Da poco sono arrivati gli aerei che trasportavano a San Josè di Costa Rica i due Presidenti dell'Honduras, quello destituito Zelaya e quello provvisorio Micheletti. Le due dichiarazioni appena sbarcati sono state di tono notevolmente diverse: Zelaya ha insultato il "golpista" Micheletti mentre quest'ultimo si è augurato che le capacità diplomatiche di Arias portino ad una soluzione nell'ambito "del dettato costituzionale del nostro Paese". Ovviamente siamo alla guerra psicologica e ognuno ha scelto il suo gioco: Zelaya quello del martire e Micheletti quello del costituzionalista. Entrambe sanno che è solo un gioco perché entrambe hanno violato apertamente quelle regole che dicono di volere rispettare. Adesso spetterà al Premio Nobel per la pace e Presidente del Costa Rica Oscar Arias farli sfogare e poi portarli sulla sua agenda. Da quello che mi risulta Arias avrebbe una ipotesi abbastanza precisa dell'obiettivo da raggiungere senza che nessuno dei due perda la faccia. Questi potrebbero essere i punti:
1) Zelaya rientra nel suo Paese con un voto di amnistia per i suoi reati votato dal Congresso.
2) Micheletti si dimette di fronte al Congresso per riconsegnare la Presidenza a Zelaya il quale immediatamente rinuncia a qualsiasi cambiamento costituzionale (o 4 urna) e convoca i comizi elettorali per il prossimo settembre ( ovvero circa due mesi prima della normale scadenza).
3) Si costituisce una commissione con personalità nazionali e internazionali per il controllo della consultazione elettorale.
4) Tutte le parti firmano un patto di riconciliazione nazionale con il quale mettono la parola fine su quanto avvenuto, una sorta di condono tombale come diremmo da noi.

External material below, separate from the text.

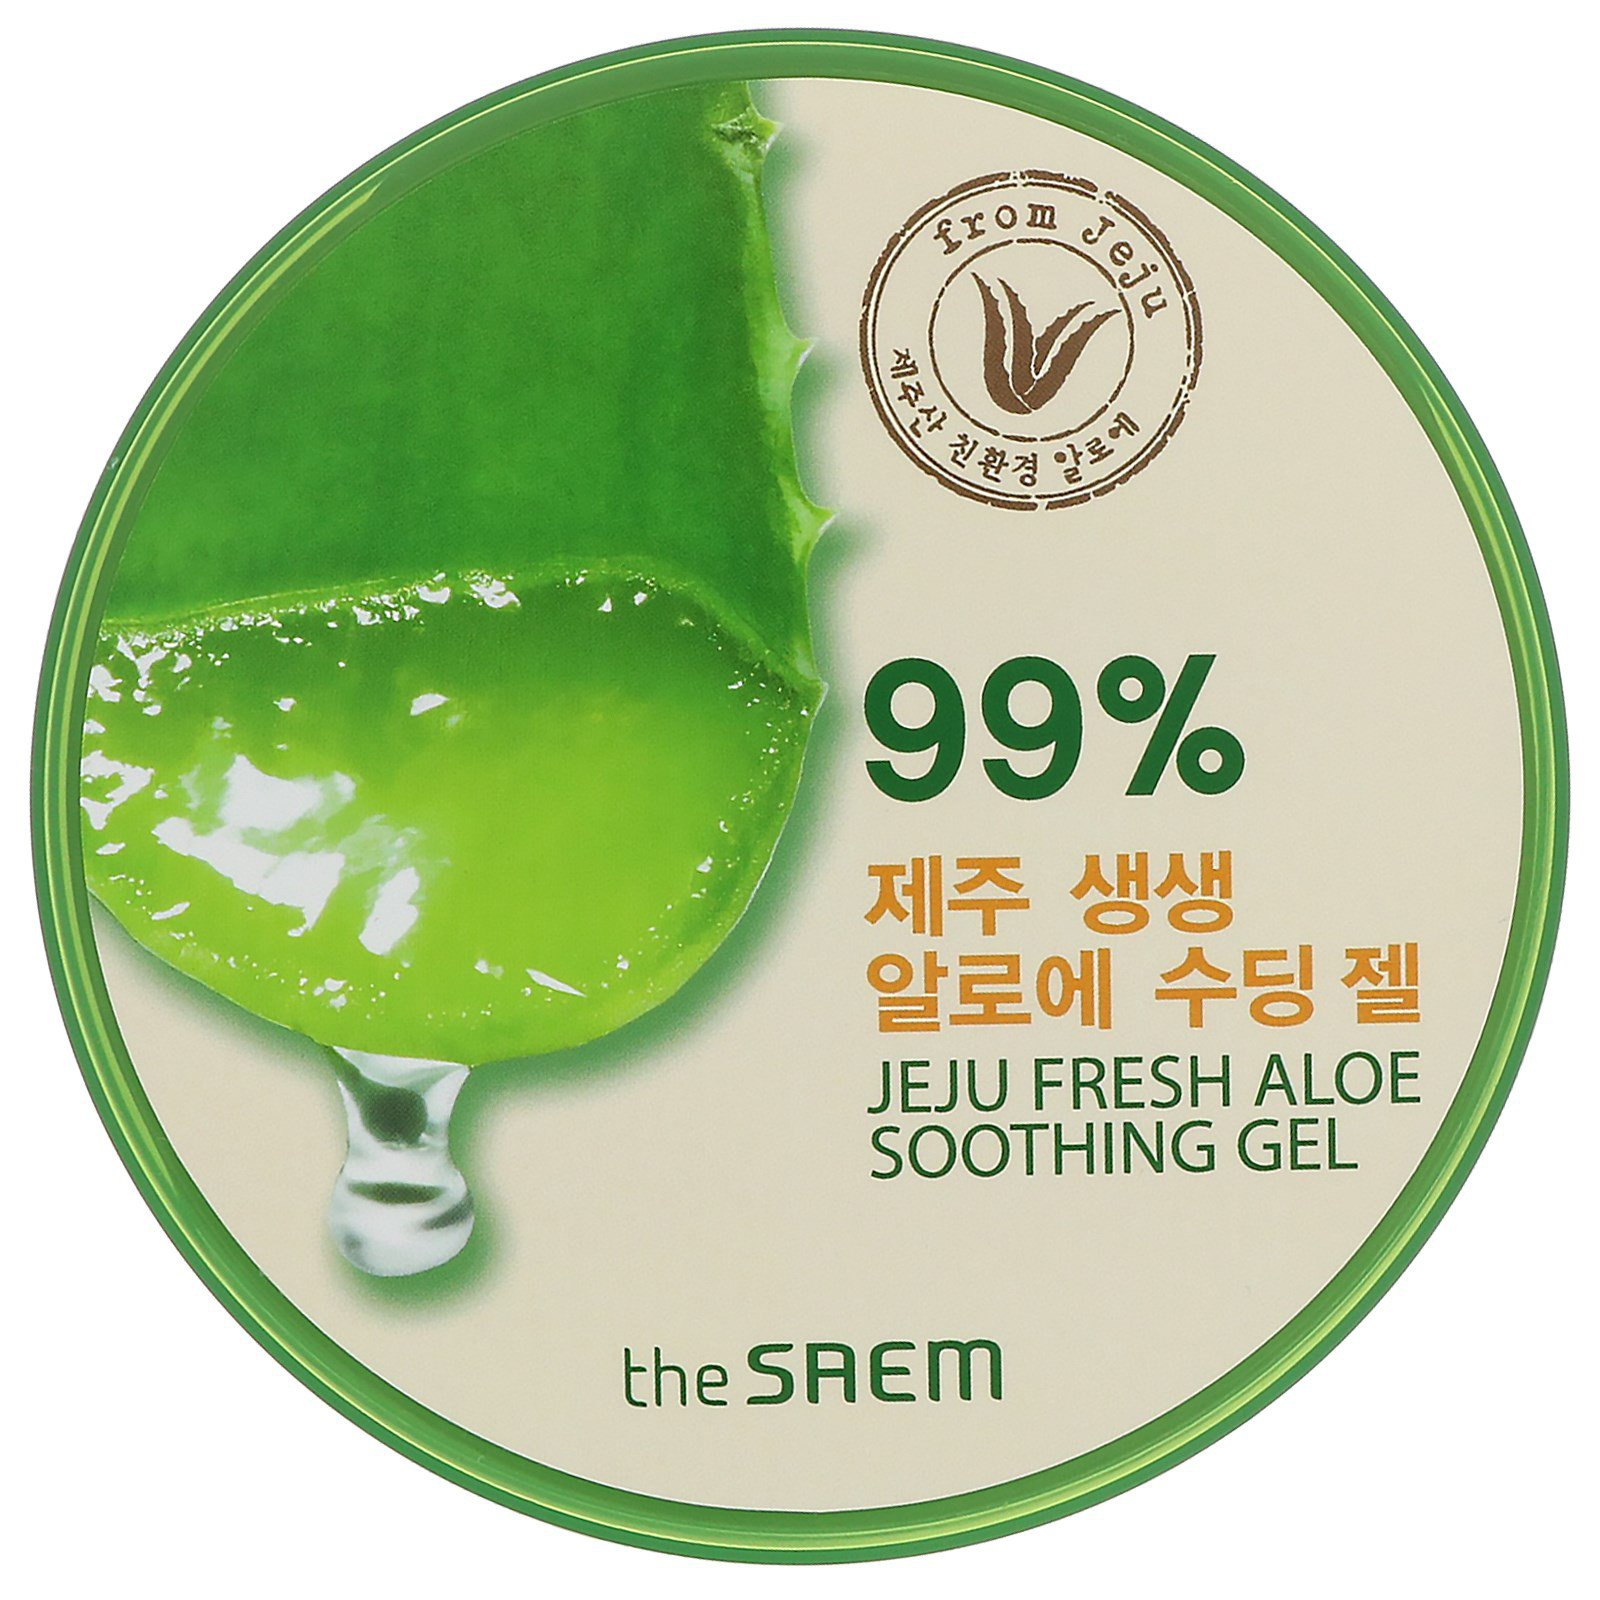 The Saem Jeju Fresh 99% Aloe Soothing Gel

Il percorso è molto impervio, ma Arias può contare, oltre che sulle sue capacità anche sull'appoggio degli Usa, del Canada e di qualche altro membro della OEA. Le varianti a questa agenda sono infinite, ma tutti gli analisti concordano che la pace passa solo se entrambe le parti potranno dire di aver vinto, e quindi Zelaya deve rientrare e ritornare da essere Presidente anche solo per un giorno e Micheletti e gli altri organi costituzionali debbono avere la garanzia che si elegga un nuovo Presidente al più presto e che finiscano i tentativi di stravolgere la Costituzione.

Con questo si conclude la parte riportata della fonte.